Leaving the pictures aside, repeat every line below exactly.

**Data segment:**
========

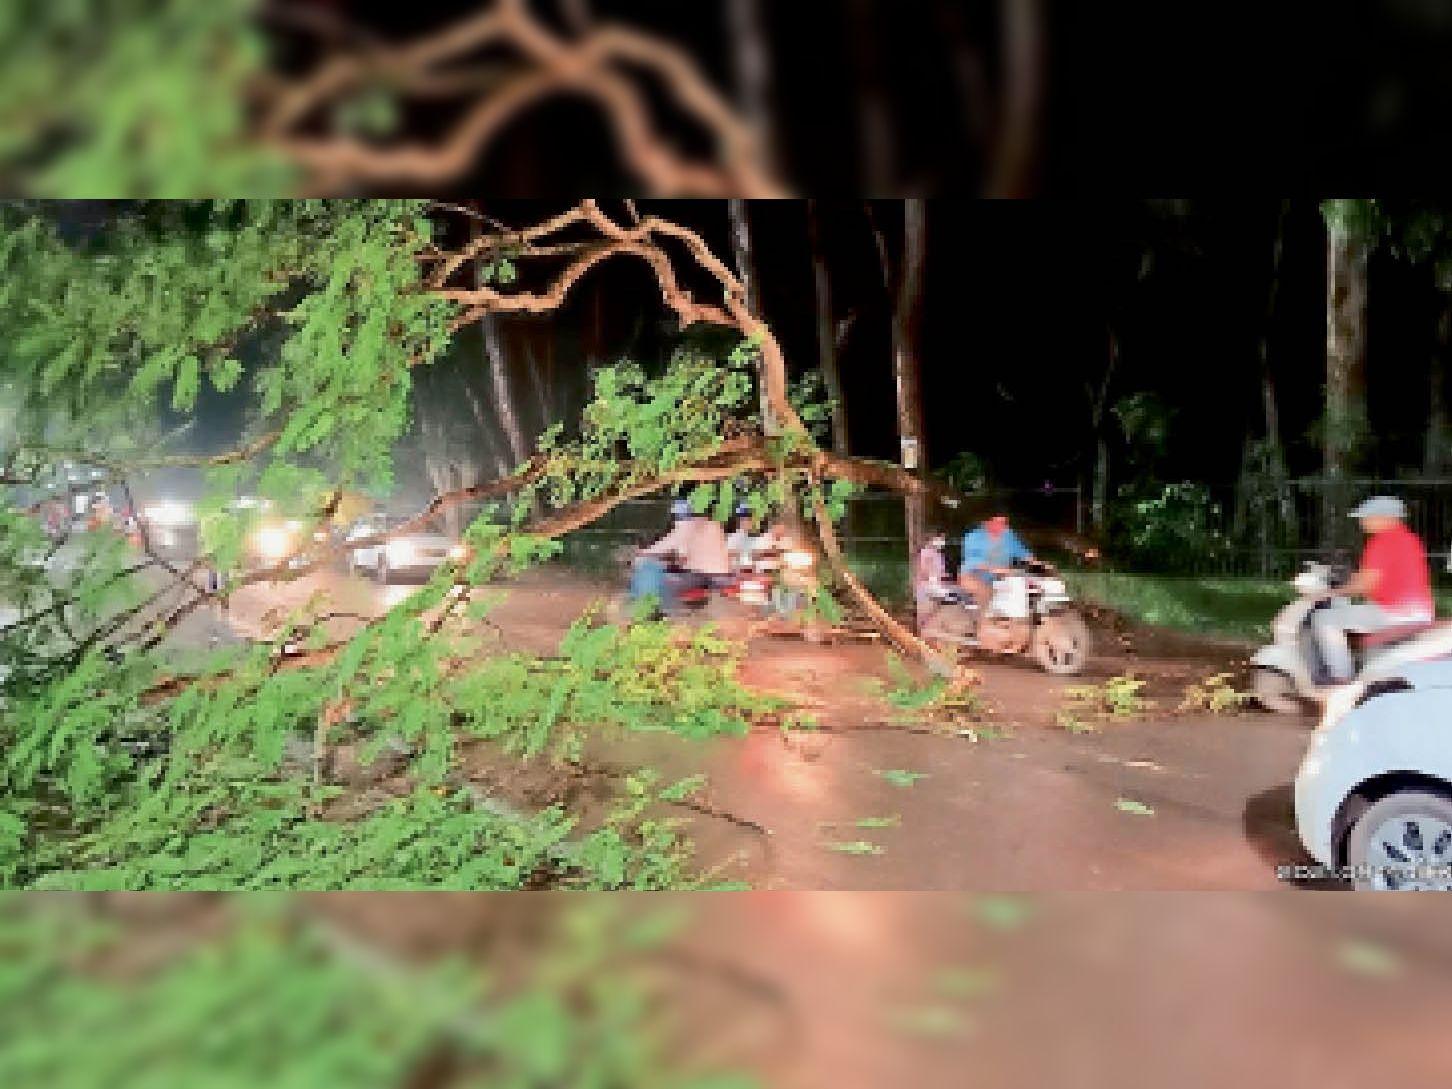 शहर के लालबाग इलाके में शाम को बारिश के दौरान गिरा पेड़। - Dainik Bhaskar
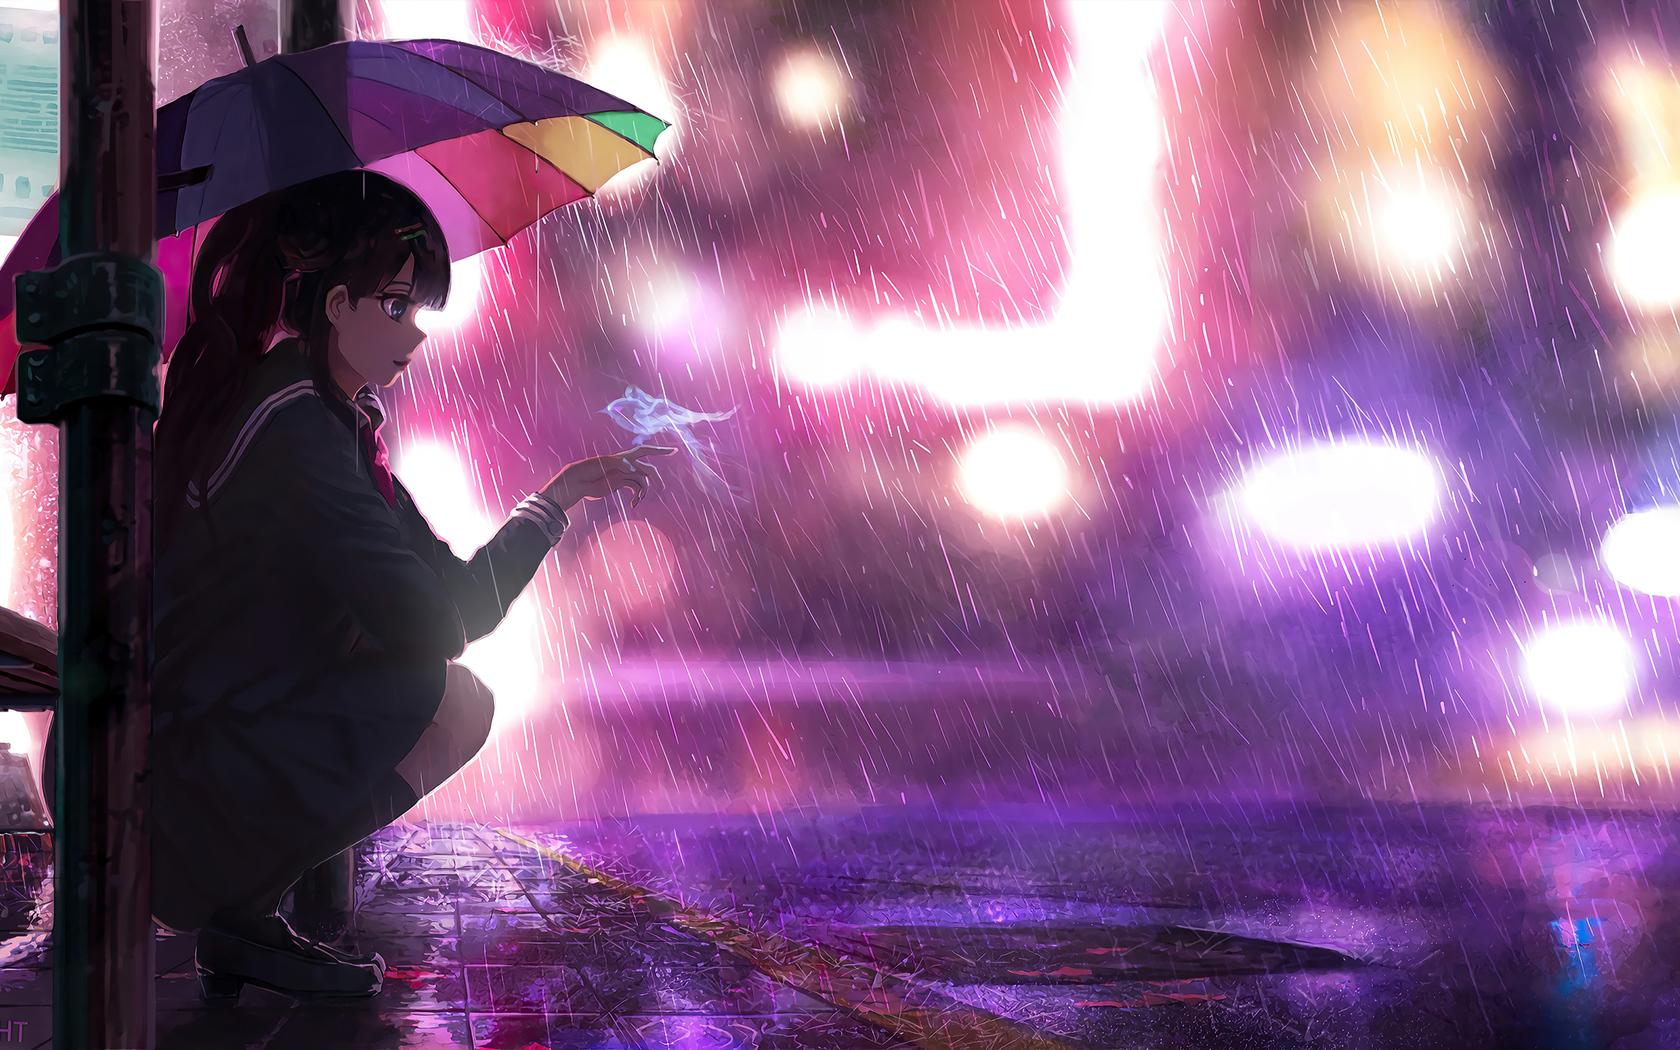 1680x1050 Umbrella Rain Anime Girl 4k ...
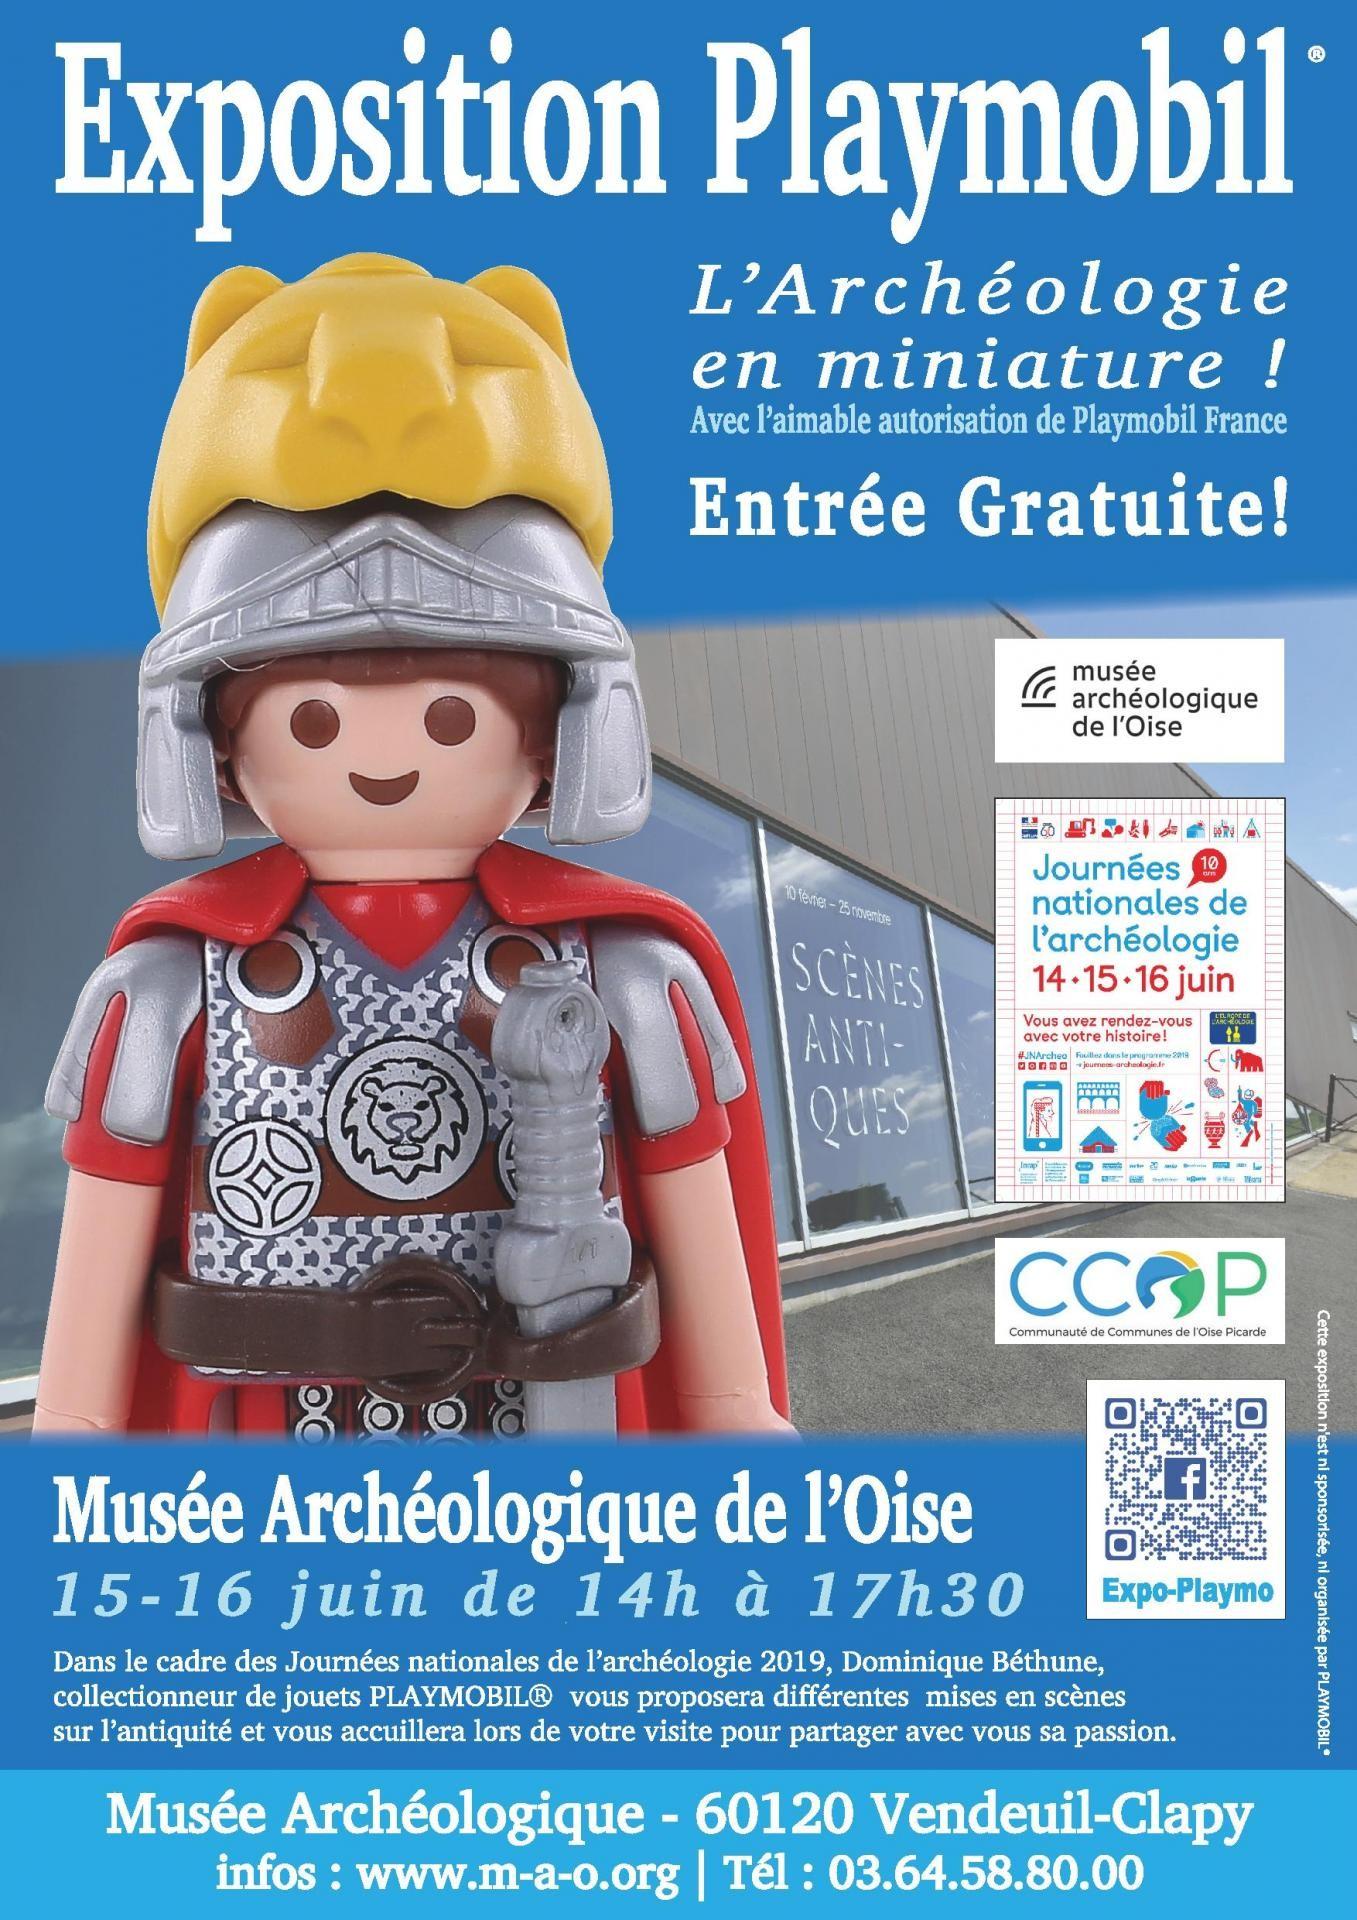 Affiche expo playmobil archeologique de l oise 2020

========

**Task response:**
 शहर के लालबाग इलाके में शाम को बारिश के दौरान गिरा पेड़। - Dainik Bhaskar
 1680x1050 Umbrella Rain Anime Girl 4k ...
 Affiche expo playmobil archeologique de l oise 2020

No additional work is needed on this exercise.